Но отец подростка отрицательно помотал головой.
С матерью Офера Авраам этого не посмел бы, но он чувствовал, что Рафаэль Шараби – человек крепкий, и поэтому решился еще на один вопрос:
– Скажите, что вам подсказывает чутье, где сейчас Офер и что с ним случилось? Попытайтесь себе представить, где он в данную минуту.
Ответ Шараби был неожиданным:
– Без понятия. Я очень на него зол. Знаете, сколько б я дал, чтобы это узнать? Я сказал Хане, мол, верю, что он решил на несколько дней сбежать из дома. Нас попугать. Может, мы что-то ему сделали, может, он обиделся… Но я тоже сержусь – за то, что он нам преподнес. Особенно Хане. Она не может поверить в это. Считает, что с ним что-то случилось.
Полицейский и представить не мог, что Рафаэль будет говорить о том, как он сердится. Может, это был способ не думать о худшем из вариантов? Представлять себе их встречу. Продолжать разговор с Офером, как говорил с ним всегда… Переходил ли порой гнев отца в насилие?
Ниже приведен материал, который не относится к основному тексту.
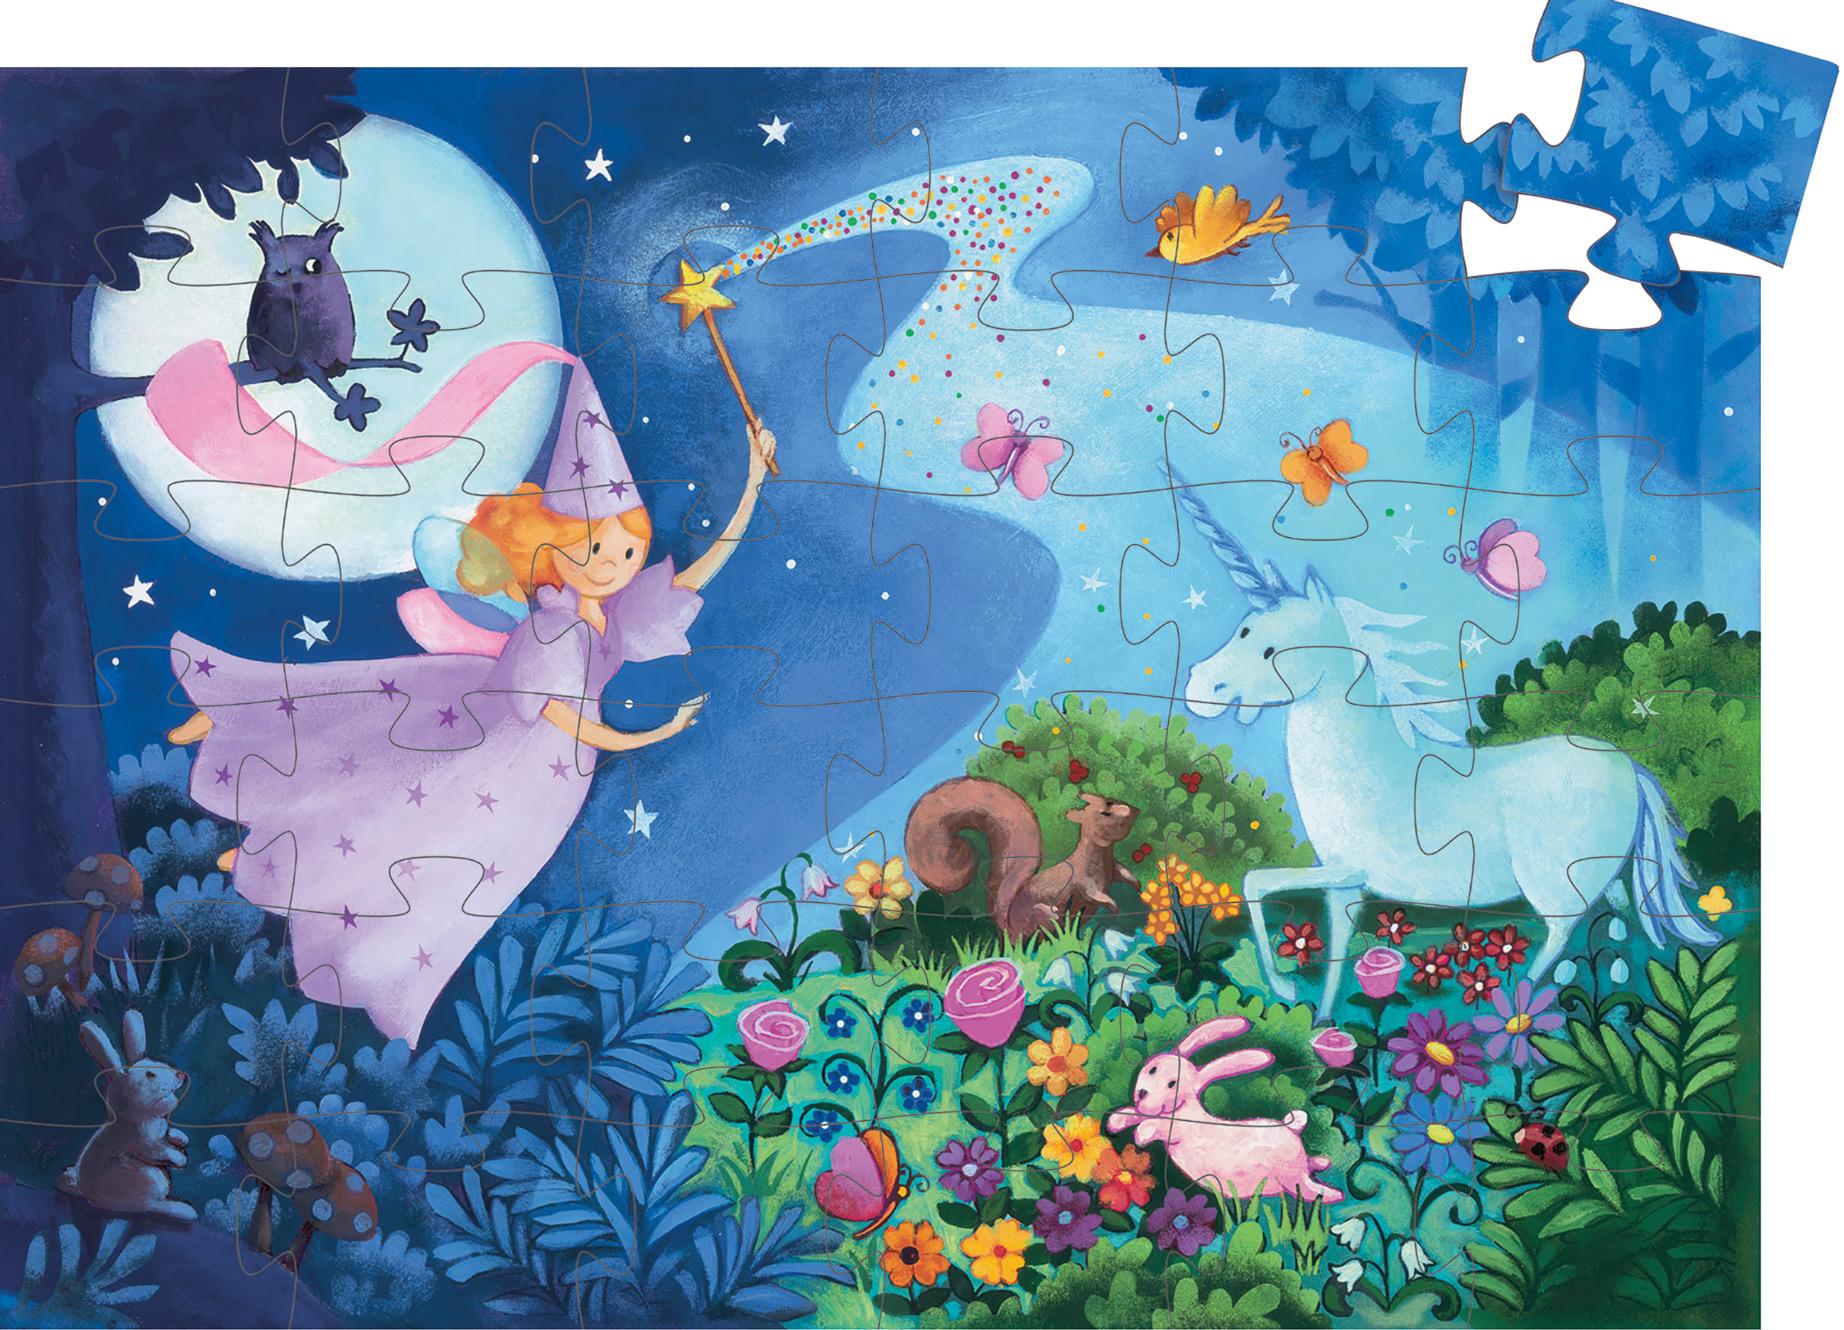 The Fairy And The Unicorn Fairies Jigsaw Puzzle
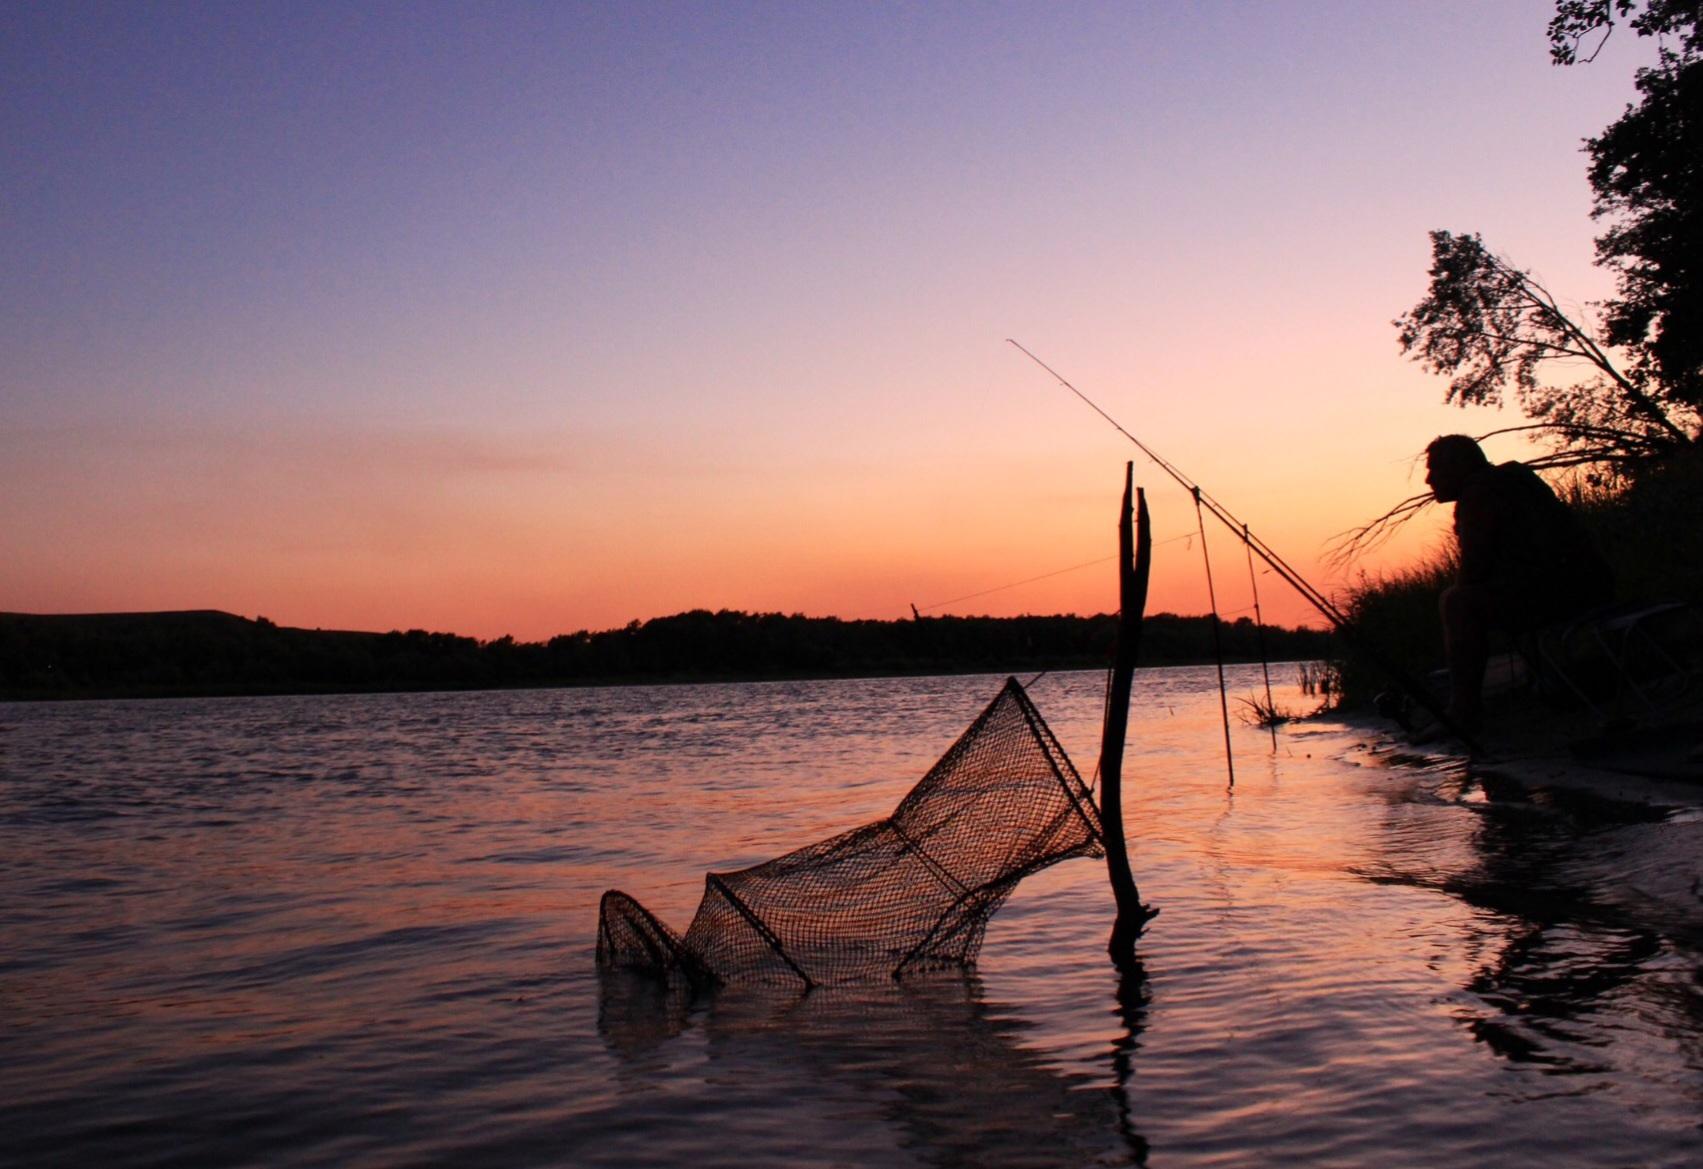 картинки рыбаки на природе

Бил ли он Офера перед тем, как тот стал подростком? И снова глаза инспектора обратились на крупные руки Шараби.
– А и вправду, как ваша жена? – спросил он.
– У нее сны. Кошмары, – сказал Рафаэль. – До вчерашнего дня ей приходилось справляться со всем самой. Она почти не спит.
Илана была в курсе дела по поводу расследования Шрапштейна и сказала, что, по ее мнению, вызов подозреваемого на допрос – идея правильная.
– Подозреваемого в чем? – спросил ее Авраам Авраам. – С чьей точки зрения?
– С нашей, – сказала Лим. – Вызови его. Надо исключить любую вероятность, какой бы она ни была.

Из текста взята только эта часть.